Pramod Mahadevan, VP, Data & Analytics Product Ecosystem at ServiceNow, described Cloudera's role in the partnership. "Cloudera plays a critical role in breaking down data silos by bringing enterprise data into a single, governed platform where it's already curated, processed, and trusted.

"By leveraging those high-quality insights, we're able to drive intelligent automation and workflows, enabling closed-loop remediation that helps organisations quickly identify, address, and resolve issues with greater efficiency and confidence on the ServiceNow AI Platform," he said.

Regional relevance

The announcement has particular relevance in Australia and New Zealand, where businesses and public sector bodies are under growing pressure to show that AI systems are transparent, governed and auditable. That concern has become more visible as governments and regulators increase scrutiny of how organisations manage autonomous decision-making systems.

Cloudera's local leadership said customers in the region want faster AI adoption but remain cautious about data handling. The company argued that private AI deployments are gaining attention in highly regulated sectors because they offer a route to stronger control over data and model use.

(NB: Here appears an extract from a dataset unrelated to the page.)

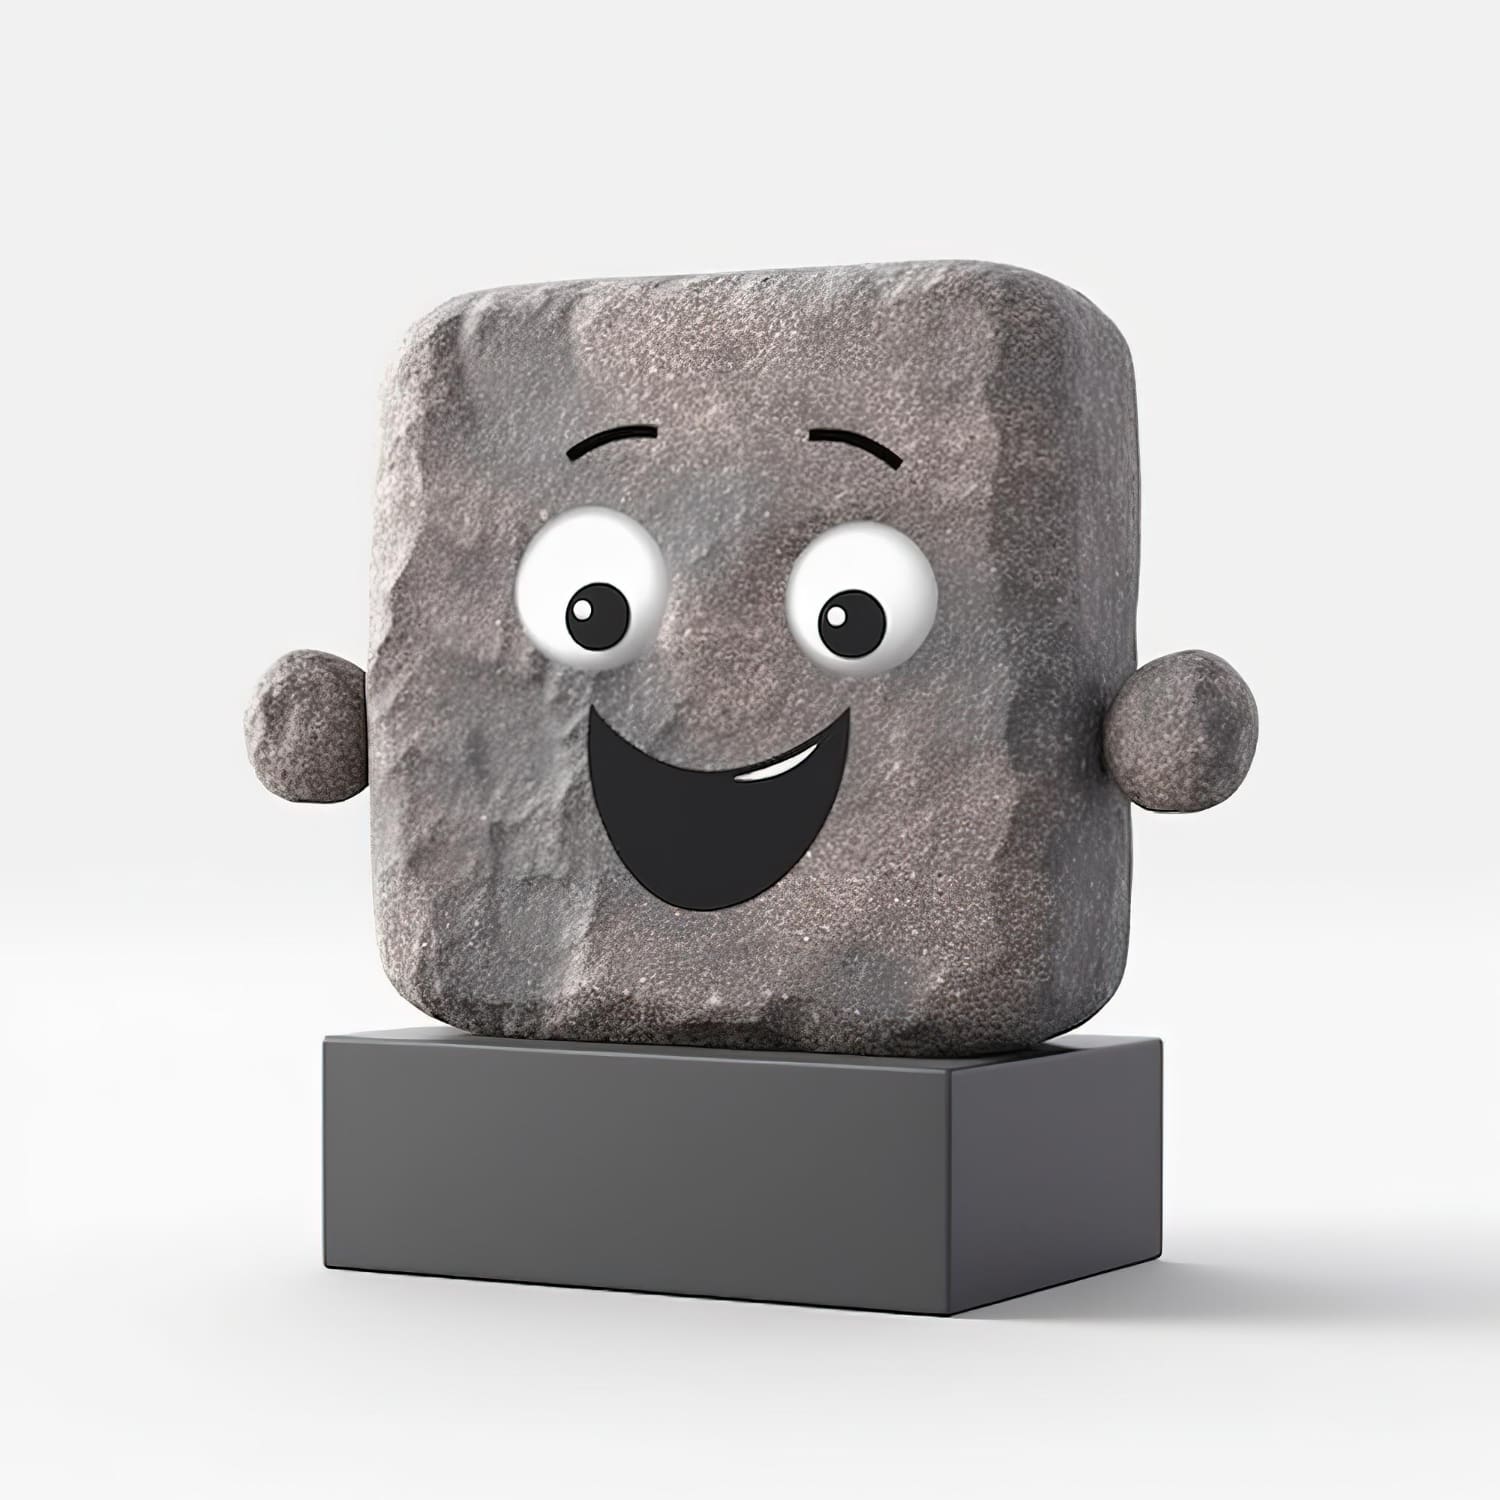 3d render abstract emotional face icon square emoji cute silly cubic toy

Vini Cardoso, Chief Technology Officer for Cloudera Australia and New Zealand, said, "Australian organisations are eager to accelerate AI adoption, provided their data remains secure, governed, and trusted. As enterprises in highly regulated sectors like financial services and healthcare shift toward private AI, there is a critical need to power advanced autonomous workflows without moving or duplicating sensitive data. By enabling zero-copy access with full traceability and control, we are helping organisations deploy autonomous AI with confidence - without compromising on security, compliance, or data integrity their industry demands."

Cloudera said the connector is integrated with ServiceNow in a way that supports governance in hybrid settings, with source-level traceability attached to AI-driven actions.